Abstract: Program logics have proven a successful strategy for verification of complex programs. By providing local reasoning and means of abstraction and composition, they allow reasoning principles for individual components of a program to be combined to prove guarantees about a whole program. Crucially, these components and their proofs can be reused. However, this reuse is only available once the program logic has been defined. It is a frustrating fact of the status quo that whoever defines a new program logic must establish every part, both semantics and proof rules, from scratch. In spite of programming languages and program logics typically sharing many core features, reuse is generally not available across languages. Even inside one language, if the same underlying operation appears in multiple language primitives, reuse is typically not possible when establishing proof rules for the program logic. To enable reuse across and inside languages when defining complex program logics (and proving them sound), we serve program logics à la carte by combining program logic fragments for the various effects of the language. Among other language features, the menu includes shared state, concurrency, and non-determinism as reusable, composable blocks that can be combined to define a program logic modularly. Our theory builds on ITrees as a framework to express language semantics and Iris as the underlying separation logic; the work has been mechanized in the Coq proof assistant.

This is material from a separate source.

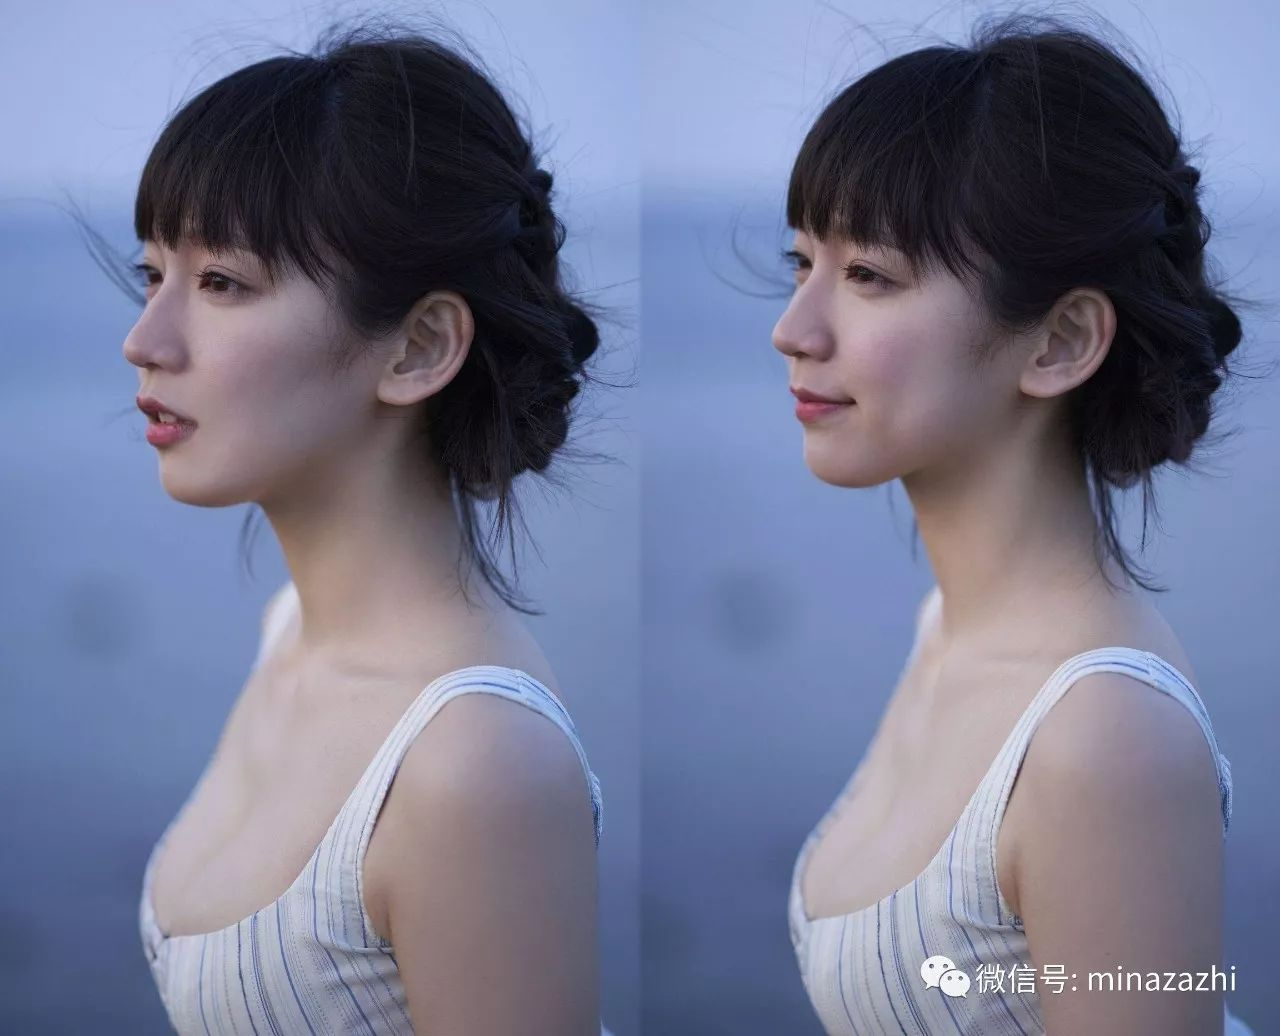 日本人体艺术1图片_明星| 她们美得清新不做作!盘点10位最具【透明感】的日本女星

Abstract: We give a new proof of homological stability with the best known isomorphism range for mapping class groups of surfaces with respect to genus. The proof uses the framework of Randal-Williams—Wahl and Krannich applied to disk stabilization in the category of bidecorated surfaces, using the Euler characteristic instead of the genus as a grading. The monoidal category of bidecorated surfaces does not admit a braiding, distinguishing it from previously known settings for homological stability. Nevertheless, we find that it admits a suitable Yang—Baxter element, which we show is sufficient structure for homological stability.
Abstract: Using the Galatius—Kupers—Randal-Williams framework of cellular E2-algebras, we prove a secondary stability theorem for mapping class groups of nonorientable surfaces. As a corollary, we obtain a new best known stability range for the homology of the mapping class groups of nonorientable surfaces with respect to adding torus holes.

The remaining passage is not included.